- The paper introduces linguistic confidence (LC) by employing hedging language to naturally express uncertainty and proposes a lightweight mapper to convert these expressions into confidence scores.
- The methodology features a novel dataset and evaluation through metrics like ECE and AUROC, demonstrating improved calibration and discriminability compared to traditional approaches.
- Fine-tuning with LoRA further refines LC, underscoring its potential to enhance trust and reliability in human-AI interactions.
Can LLMs Express Uncertainty Like Humans?
Introduction
The paper "Can LLMs Express Uncertainty Like Human?" (2509.24202) explores the critical aspect of expressing uncertainty in LLMs. Given their widespread application in domains such as education, healthcare, and law, the importance of reliable confidence estimation is paramount. The paper addresses the challenges posed by current methods: hidden logits, computational expense of multi-sampling, and the unnatural delivery of numerical uncertainty. It advocates for 'Linguistic Confidence' (LC), where models utilize hedging language, aligning closer with human communication.
Background and Motivation
Existing approaches to LLM uncertainty estimation either require inaccessible internal logits or resort to computationally intensive sampling techniques. Verbalized numerical scoring, although direct, deviates from natural communication. The paper revisits LC as a promising alternative. It introduces a diverse dataset and a lightweight mapping technique for converting hedging language into pragmatic confidence scores—a strategy with minimal computational cost and significant scalability.

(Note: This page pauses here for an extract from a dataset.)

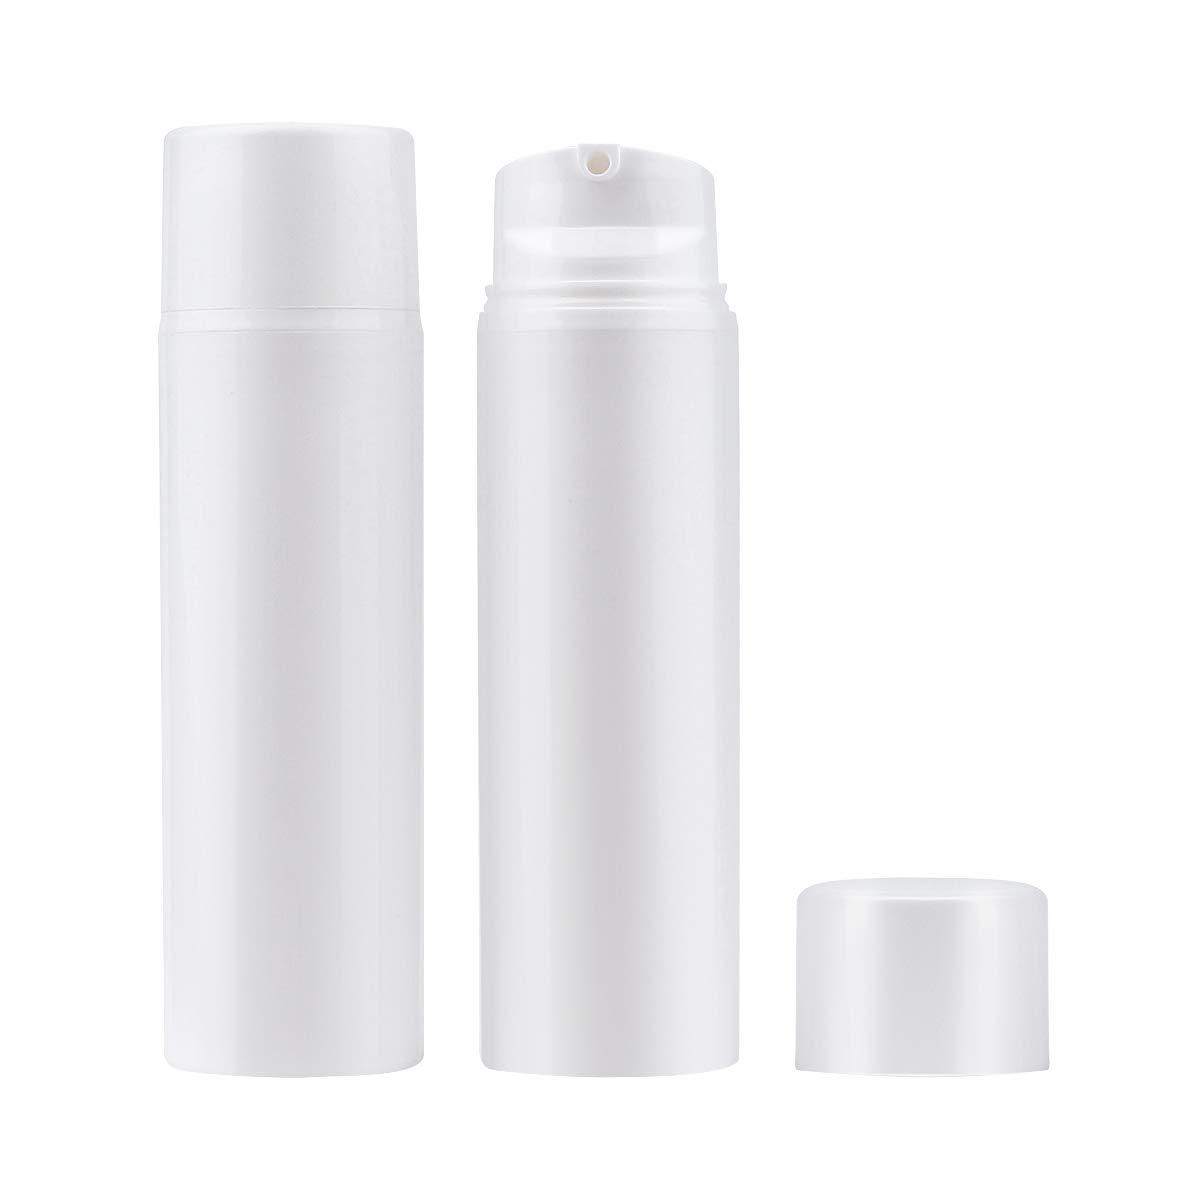 Yebeauty 120ml/4oz Plastic Disposable Airless Pump Vacuum Bottles 2pcs - Empty Bottles Lotion Dispenser Makeup Emulsion for Leak Proof Shockproof Travel

The paper emphasizes the significance of calibrating machine responses through LC, thereby facilitating enhanced trust and accuracy in human-AI interactions.
Methodology
The research consists of several key contributions:
- Dataset Construction: The authors compile a novel dataset of hedging expressions with human-annotated confidence scores, allowing for robust evaluation of LLM confidence mapping capabilities.

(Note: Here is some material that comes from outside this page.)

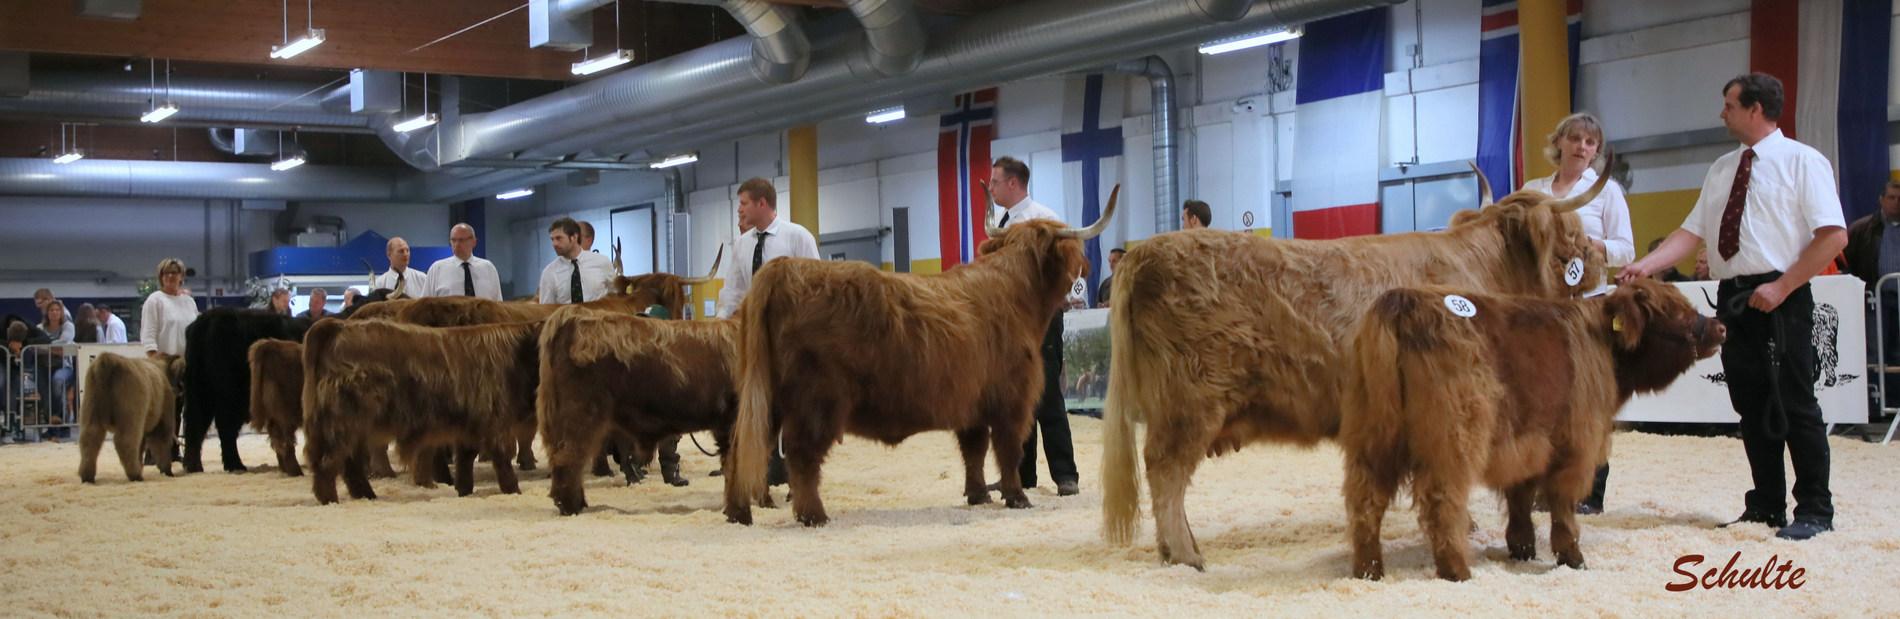 280 Kühe mit Kalb bei Fuss Klasse 5

Figure 1: An illustration of the benchmark building process.
- Lightweight Mapper: They propose a near-zero-cost mapper to translate hedging language into confidence scores, bypassing the expensive API costs associated with commercial LLMs.
- Comprehensive Evaluation: The paper systematically analyzes LC across state-of-the-art LLMs and various QA benchmarks, highlighting both calibration (ECE) and discriminability (AUROC).
- Fine-tuning Framework: An innovative framework is suggested to enhance LC reliability through supervised fine-tuning, further refining LLM's capacity to convey uncertainty naturally.
Results
The empirical results reveal several insights:
Discussion and Implications
The paper underscores the transformative potential of LC in aligning LLM responses with human expectations of uncertainty. It suggests that hedging language not only enhances user trust but also offers a computationally efficient alternative to traditional confidence estimation methods. The research sets the stage for future exploration into more nuanced LC mappings and diversifying applications to multimodal and reasoning contexts.
Ultimately, the findings advocate for increased attention to human-centered approaches in AI system design, with LC serving as a viable path towards more transparent and trustworthy AI interactions.
Conclusion
This paper presents strong evidence that LLMs, when guided appropriately, can express uncertainty in ways that resonate with human communication habits. The advancements in datamapping and fine-tuning methodologies bolster the effectiveness of LC, paving the way for more human-aligned AI systems that can be deployed in sensitive and decision-critical applications. Further research is anticipated to expand these findings, enriching the dialogue between AI systems and their human users.